Minnesota companies launch new push to retain professionals of colorby Toni Randolph, Minnesota Public Radio
Minnesota is becoming increasingly diverse and many local companies are trying to reflect that diversity in their workplaces. While some companies have had success recruiting professionals of color to the Twin Cities, they've sometimes had difficulty retaining them. Several area companies have joined forces to try to change that.
St. Paul, Minn. — Charise Rhodes has a love-hate relationship with the Twin Cities. The Kansas City native has been here for 15 years. She likes the job opportunities, the low crime rate and cleanliness of the Twin Cities.
"But when it comes to the socialization as an African-American female, it would get a little difficult at times to either find someone to date or to find different activities," she says.
When Rhodes first moved here, one of her primary social networks was her alumni association. She's a graduate of Florida A-and-M University. But she also had assistance from the Black Relocation Association, a personal service that helped African-Americans settle into the Twin Cities. The service helped her with the basics, like find an apartment, Rhodes says.
"There was a packet of information that was -- here's where to get your hair done in the Twin Cities as a black person, here's a group of black churches, here's some African-American organizations that are going on."
Information like that is key to helping transplants, Rhodes says, especially those from traditional minority groups -- feel at home in the Twin Cities.
The Black Relocation Association isn't around any more. But several local corporations are kicking off a program called The Partnership -- a nine-month orientation, which is designed to provide leadership and community development for professionals of color. About 10 people will participate in the inaugural class. Two are from Target. Getting employees connected in the community is a win for Target, says the corporation's manager of diversity and retention, Ben Elkin.
"The fact of the matter is if we're bringing somebody in the door, we're really passionate about our belief that they're going to have a great career at Target," said Elkin. "And so we want to do everything that we can to set them up for success in that way."
Helping new employees get entrenched, not only in the corporate culture, but also in the local community, is smart business since employee turn-over can be expensive, Elkin says. Industry figures for the cost of replacing employees is 150 percent of their salaries.
Although Target would not reveal its turnover rate, research shows that in the Twin Cities it takes 18 to 24 months for new employees to get fully connected. For people of color, it can take twice as long.
The Partnership is more than just offering a welcome basket, organizers say. But maintaining a diverse workforce also takes more than a nine-month orientation program.
A program like The Partnership can be helpful, but corporations must also do their internal work, says Jessica Mork, president of the Twin Cities chapter of the National Society of Hispanic MBA's. "Whether it's getting your senior leadership to buy into the diversity initiatives, creating good affinity groups, having the mentor programs and then somehow working towards just building the diversity initiatives, it's part of your corporate culture. That's your first step," she says.
And another step is making sure employees are happy overall. A Boston program also called The Partnership was the inspiration for the Twin Cities program. The program has been around for more than 20 years and the experience of that program shows individual development is only one part of the puzzle, says Beverly Edgehill, president of The Partnership in Boston.

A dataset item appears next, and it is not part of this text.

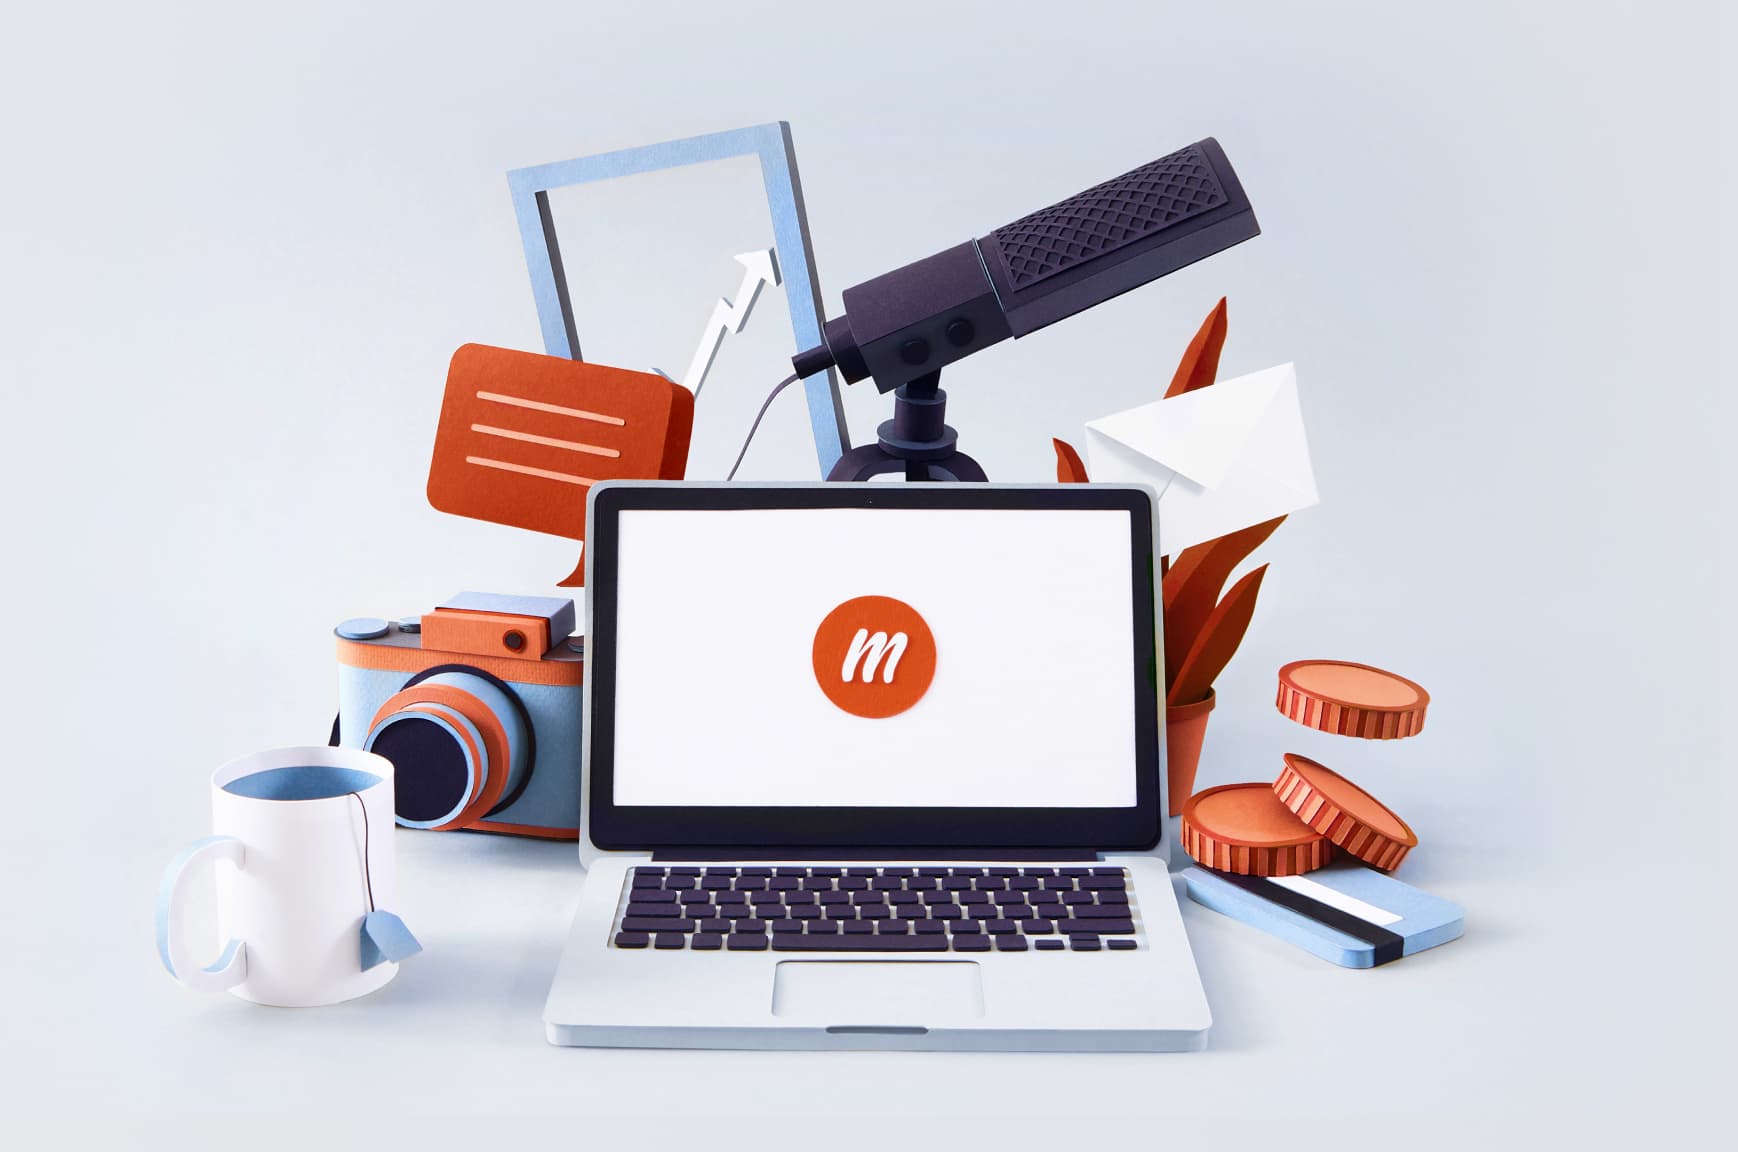 Paper illustrations of a laptop with a memberful logo surrounded by a teacup, camera, microphone, and more.

"Organizations like this can make resources known to individuals, but if people are not having a good work experience, they're going to leave regardless of what the resources are," she says.
Companies must also provide career planning and development as well as talent assessment so that employees will know the company is committed to them and then they, in turn will likely be more committed to the company, she says.
- Morning Edition, 05/21/2008, 7:20 a.m.